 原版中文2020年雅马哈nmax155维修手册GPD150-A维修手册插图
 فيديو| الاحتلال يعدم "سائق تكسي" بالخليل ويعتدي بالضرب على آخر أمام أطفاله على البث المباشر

+--

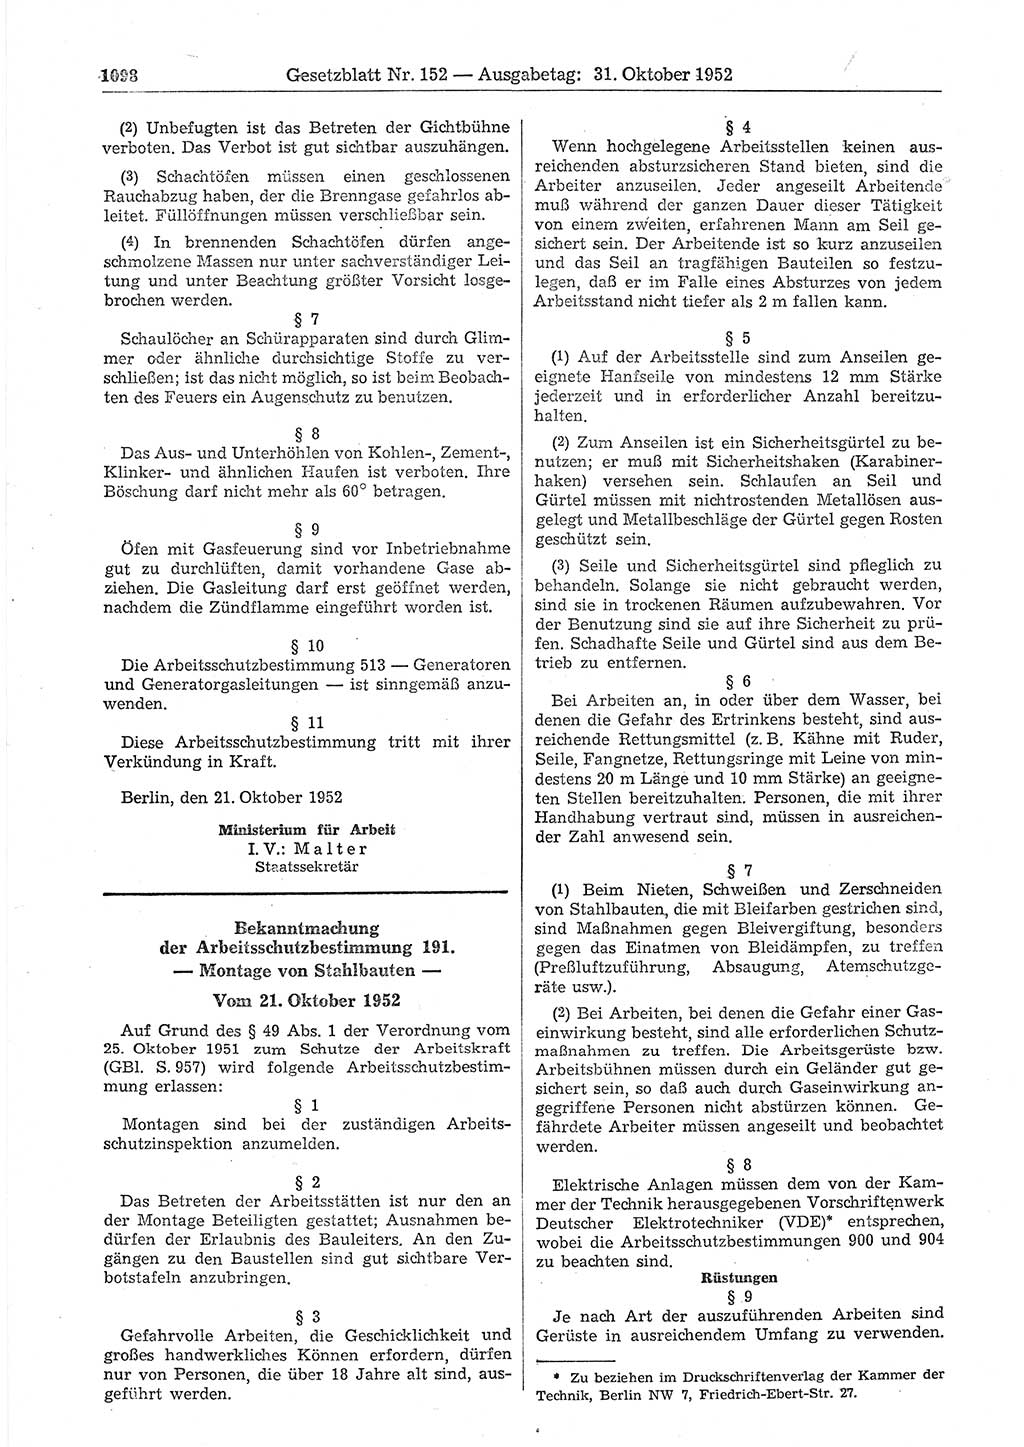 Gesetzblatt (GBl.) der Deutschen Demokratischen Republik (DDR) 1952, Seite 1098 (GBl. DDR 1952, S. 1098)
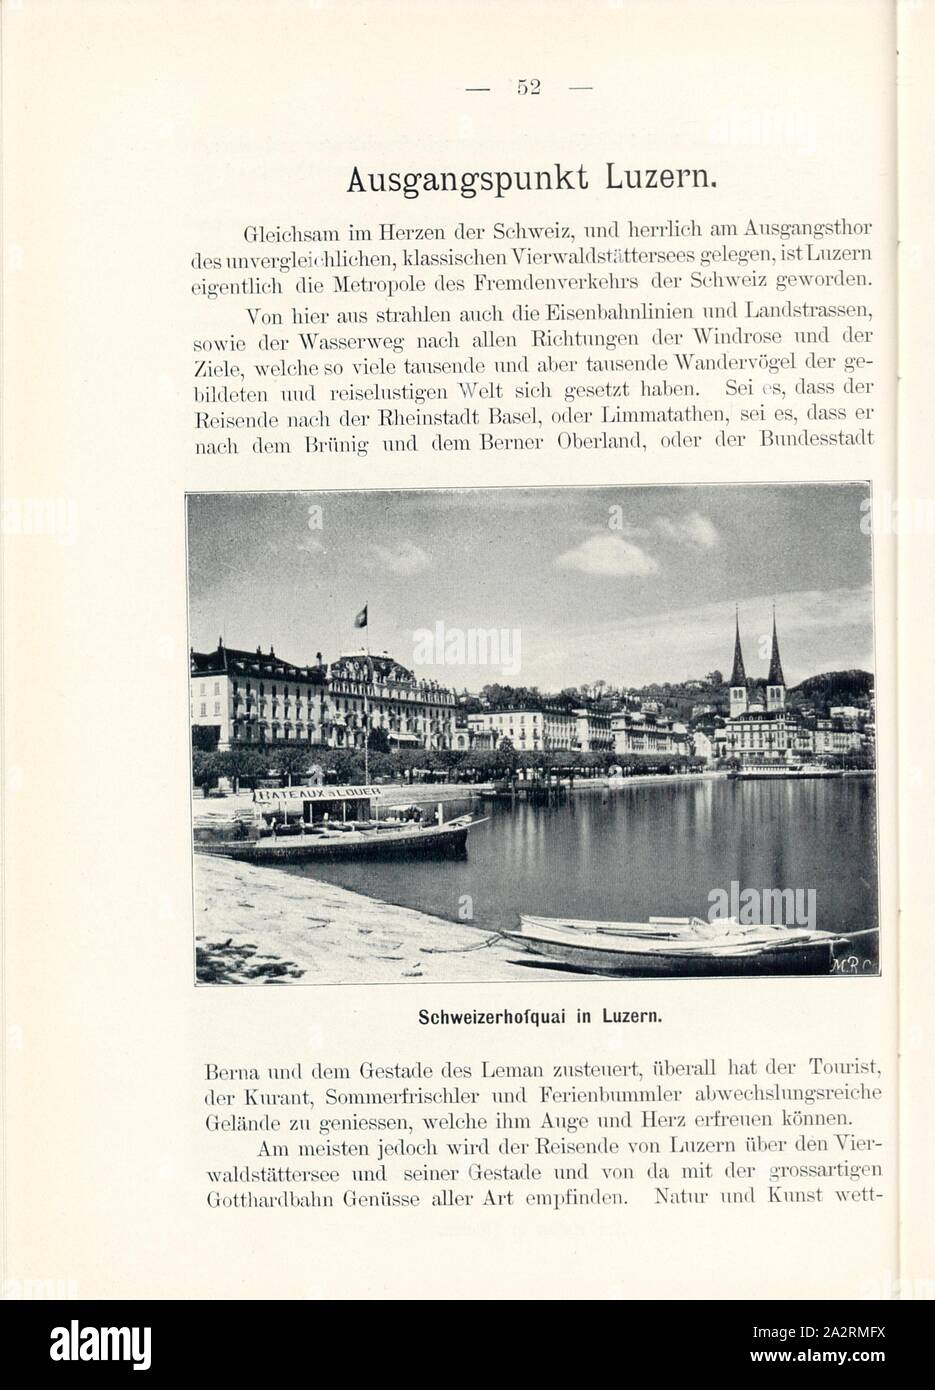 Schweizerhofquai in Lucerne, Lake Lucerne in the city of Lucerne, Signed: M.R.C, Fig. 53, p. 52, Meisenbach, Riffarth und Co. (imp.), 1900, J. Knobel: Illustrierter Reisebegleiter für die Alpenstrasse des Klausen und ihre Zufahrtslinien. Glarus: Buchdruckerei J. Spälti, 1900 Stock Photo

+--

— What to work on —
Reproduce word for word the material above, beginning with the line that contains "原版中文2020年雅马哈nmax155维修手册GPD150-A维修手册插图" and ending with the line that contains "فيديو| الاحتلال يعدم".

— Solution to this problem —
 原版中文2020年雅马哈nmax155维修手册GPD150-A维修手册插图
 فيديو| الاحتلال يعدم "سائق تكسي" بالخليل ويعتدي بالضرب على آخر أمام أطفاله على البث المباشر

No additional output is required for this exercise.